October 2012 Site Performance Report
It’s been about four months since our last performance report, and we wanted to provide an update on where things stand as we go into the holiday season and our busiest time of the year. Overall the news is very good!
Server Side Performance
Here are the median and 95th percentile load times for core pages, Wednesday 10/24/12:
As you can see, load times declined significantly across all pages. A portion of this improvement is due to ongoing efforts we are making in Engineering to improve performance in our application code. The majority of this dip, however, resulted from upgrading all of our webservers to new machines using Sandy Bridge processors. With Sandy Bridge we saw not only a significant drop in load time across the board, but also a dramatic increase in the amount of traffic that a given server can handle before performance degrades. You can clearly see when the cutover happened in the graph below:
This improvement is a great example of how operational changes can have a dramatic impact on performance. We tend to focus heavily on making software changes to reduce load time, but it is important to remember that sometimes vertically scaling your infrastructure and buying faster hardware is the quickest and most effective way to speed up your site. It’s a good reminder that when working on performance projects you should be willing to make changes in any layer of the stack.
Since our last update we have a more scientific way of measuring front-end performance, using a hosted version of WebPagetest. This enables us to run many synthetic tests a day, and slice the data however we want. Here are the latest numbers, gathered with IE8 from Virginia over a DSL connection as a signed in Etsy user:
These are median numbers across all of the runs on 10/24/12, and we run tests every 30 minutes. Most of the pages are slower as compared to the last update, and we believe that this is due to using our hosted version of WebPagetest and aggregating many tests instead of looking at single tests on the public instance. By design, our new method of measurement should be more stable over the long term, so our next update should give a more realistic view of trends over time.
You might be surprised that we are using synthetic tests for this front-end report instead of Real User Monitoring (RUM) data. RUM is a big part of performance monitoring at Etsy, but when we are looking at trends in front-end performance over time, synthetic testing allows us to eliminate much of the network variability that is inherent in real user data. This helps us tie performance regressions to specific code changes, and get a more stable view of performance overall. We believe that this approach highlights elements of page load time that developers can impact, instead of things like CDN performance and last mile connectivity which are beyond our control.
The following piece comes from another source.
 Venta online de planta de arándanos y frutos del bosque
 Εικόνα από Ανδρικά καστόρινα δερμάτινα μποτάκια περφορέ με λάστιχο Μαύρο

New Baseline Performance Measurements
Another new thing we created is an extremely basic page that allows us to track the lower limit on load time for Etsy.com. This page just includes our standard header and footer, with no additional code or assets. We generate some artificial load on this page and monitor its performance. This page represents the overhead of our application framework, which includes things like our application configuration (config flag system), translation architecture, security filtering and input sanitization, ORM, and our templating layer. Having visibility into these numbers is important, since improving them impacts every page on the site. Here is the current data on that page: